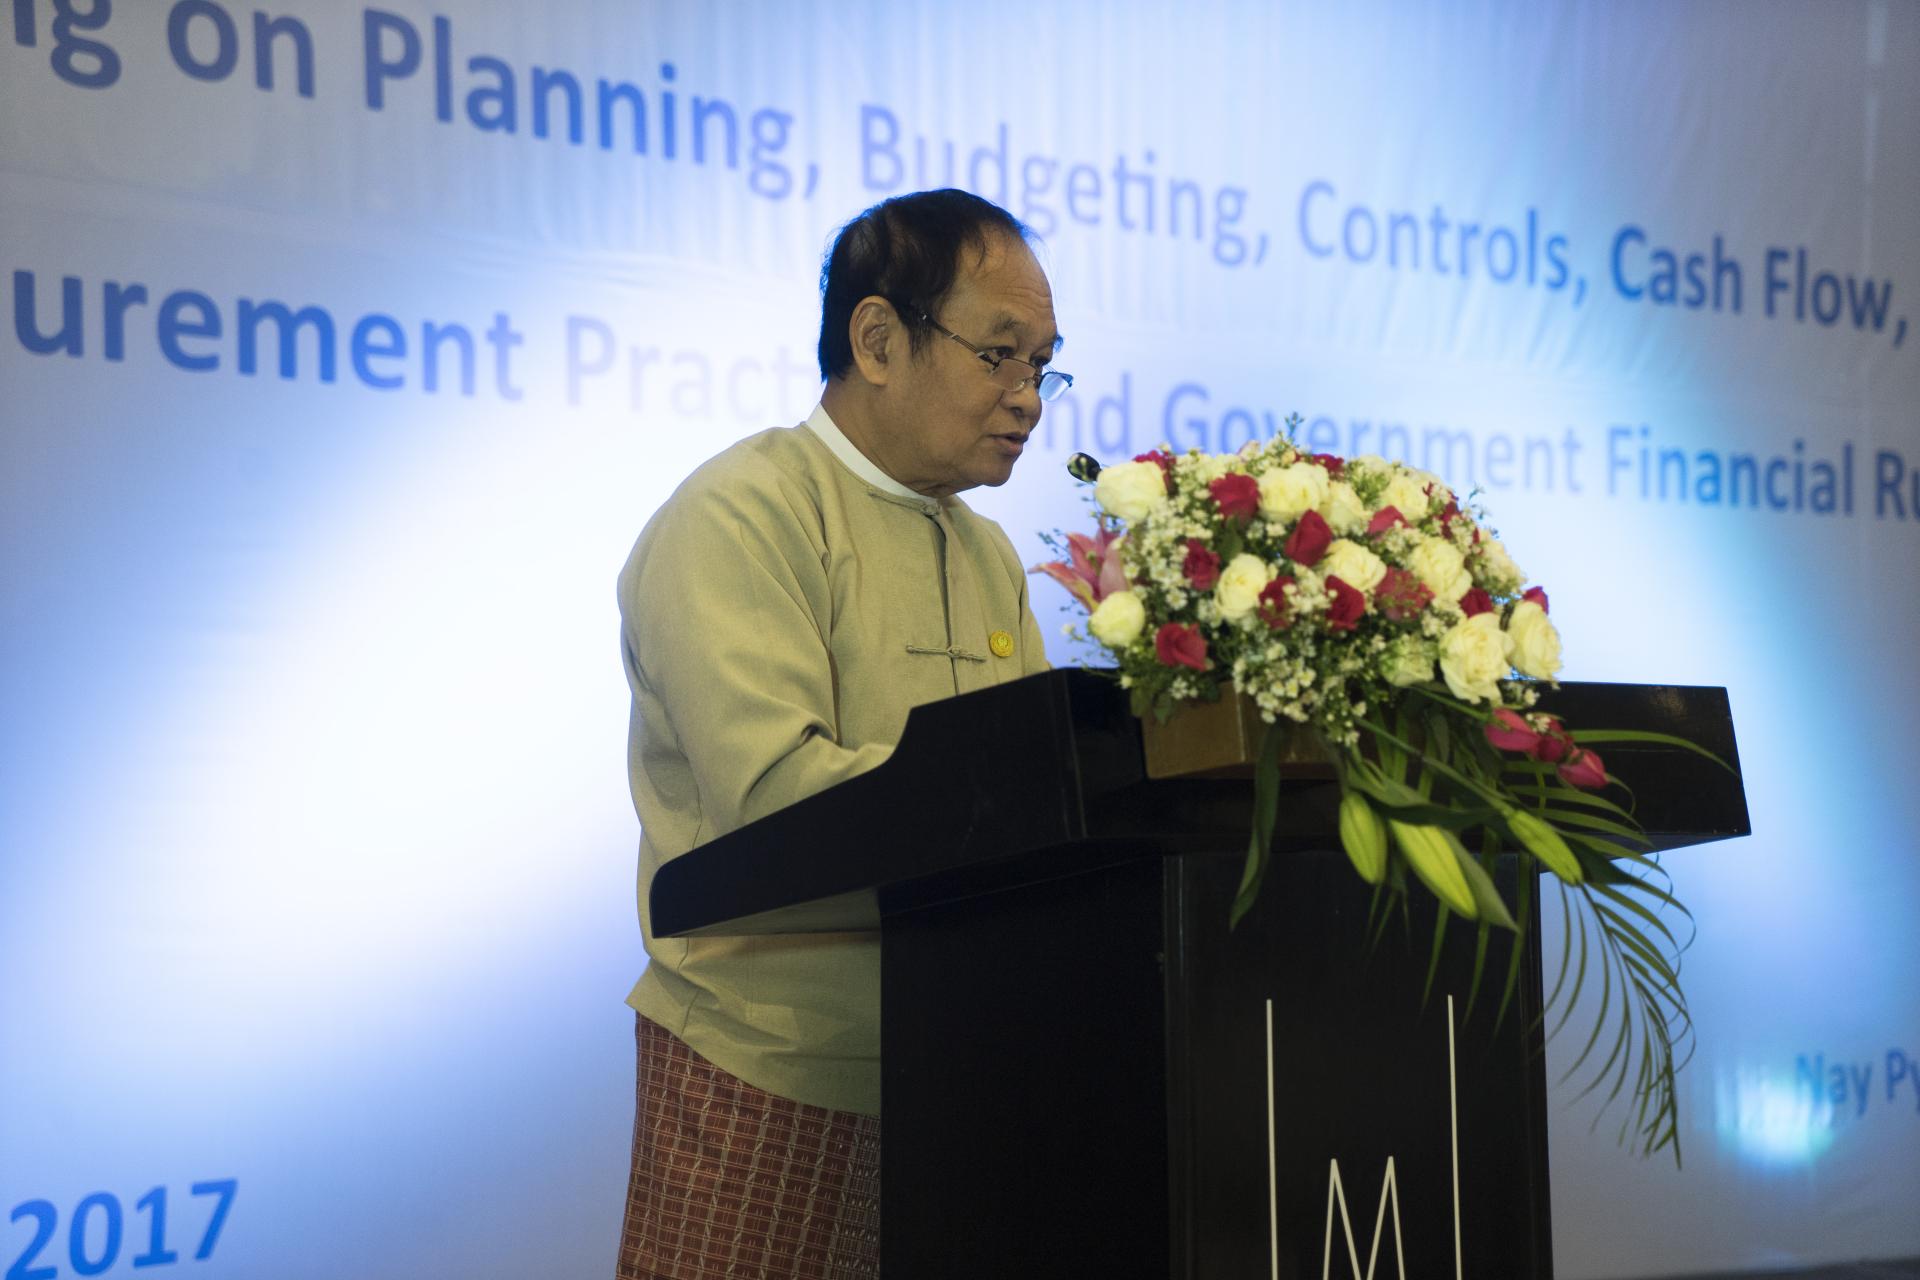 Union Minister for Health and Sports H.E. Dr Myint Htwe delivers the opening speech for the third batch of training on ‘Planning, Budgeting, Controls, Cash Flow, Good Procurement Practices and Government Financial Rules’, Nay Pyi Taw, 6 November 2017.
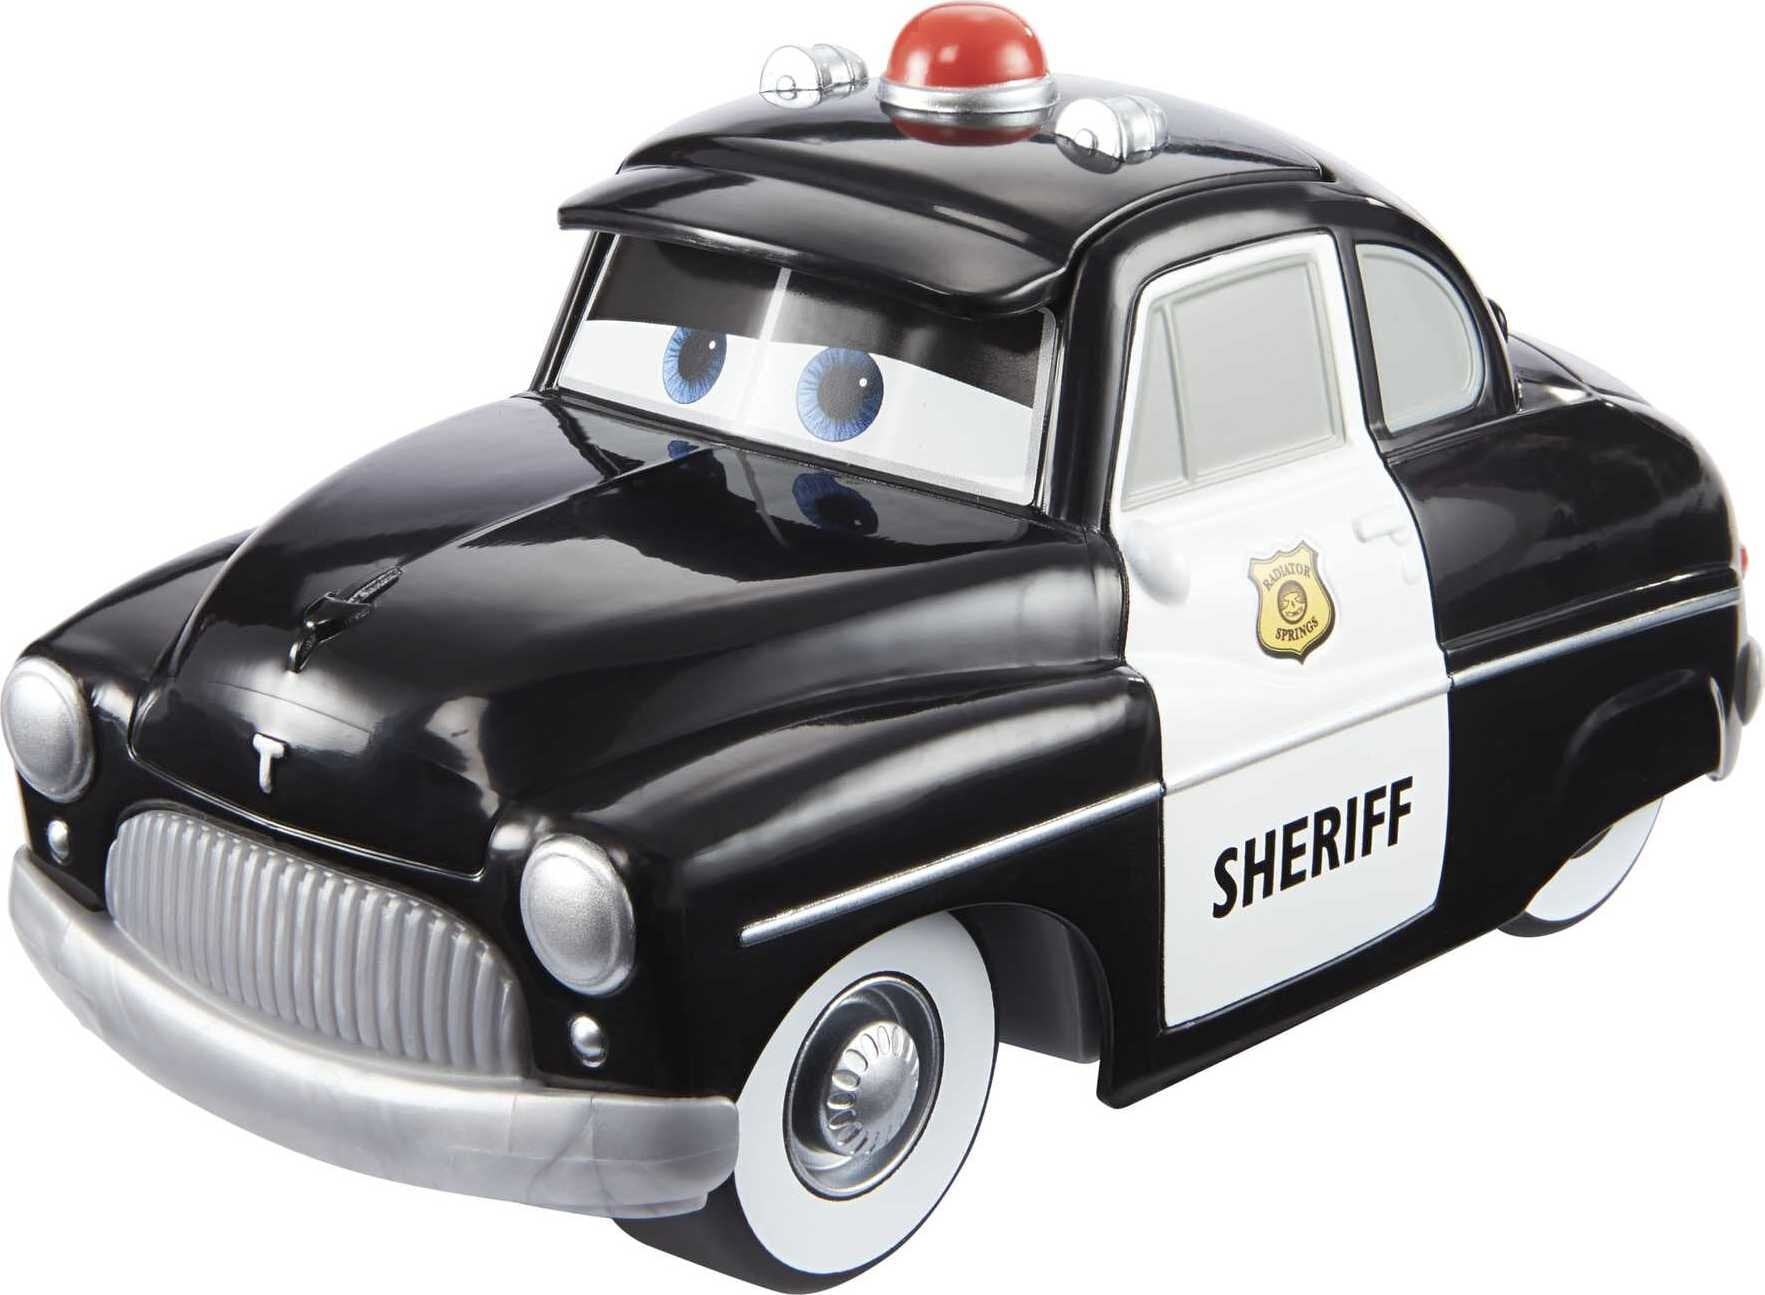 Collectible Character Car Disney Pixar Cars Track Talkers Sheriff Vehicle 5.5-in Talking Movie Toy with Sound Effects Gift for Kids & Collectors Ages 3 Years Old & Up 
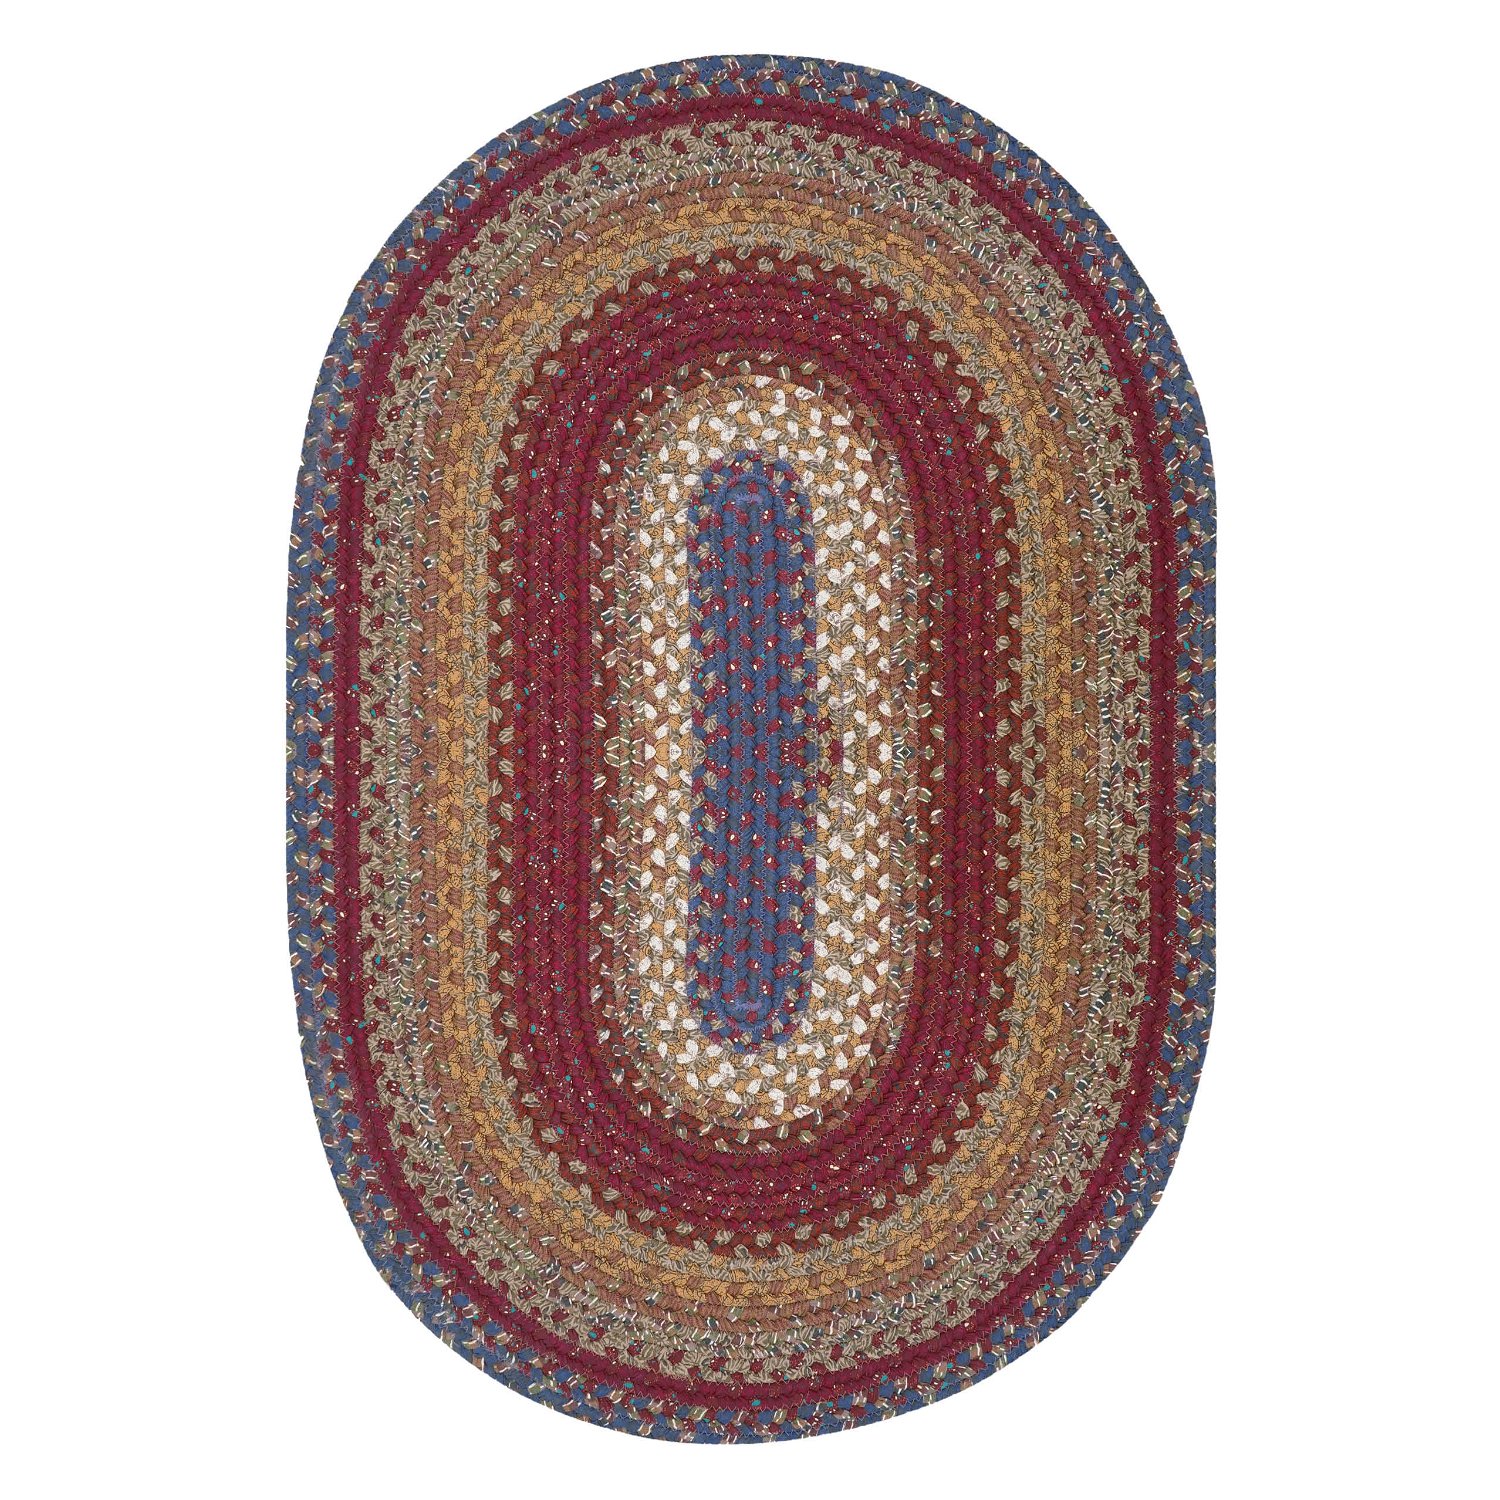 American Braided Rug 2x4 Ft Oval Rug, Multicolor Oval Rug, Oval Braided  Rug, Hand Woven, Vintage Braided Rug, Small Braided Rug -  Canada

Your objective:
Please write out all the data word for word, but keep every picture out.

Output of the exercise:
 Union Minister for Health and Sports H.E. Dr Myint Htwe delivers the opening speech for the third batch of training on ‘Planning, Budgeting, Controls, Cash Flow, Good Procurement Practices and Government Financial Rules’, Nay Pyi Taw, 6 November 2017.
 Collectible Character Car Disney Pixar Cars Track Talkers Sheriff Vehicle 5.5-in Talking Movie Toy with Sound Effects Gift for Kids & Collectors Ages 3 Years Old & Up 
 American Braided Rug 2x4 Ft Oval Rug, Multicolor Oval Rug, Oval Braided  Rug, Hand Woven, Vintage Braided Rug, Small Braided Rug -  Canada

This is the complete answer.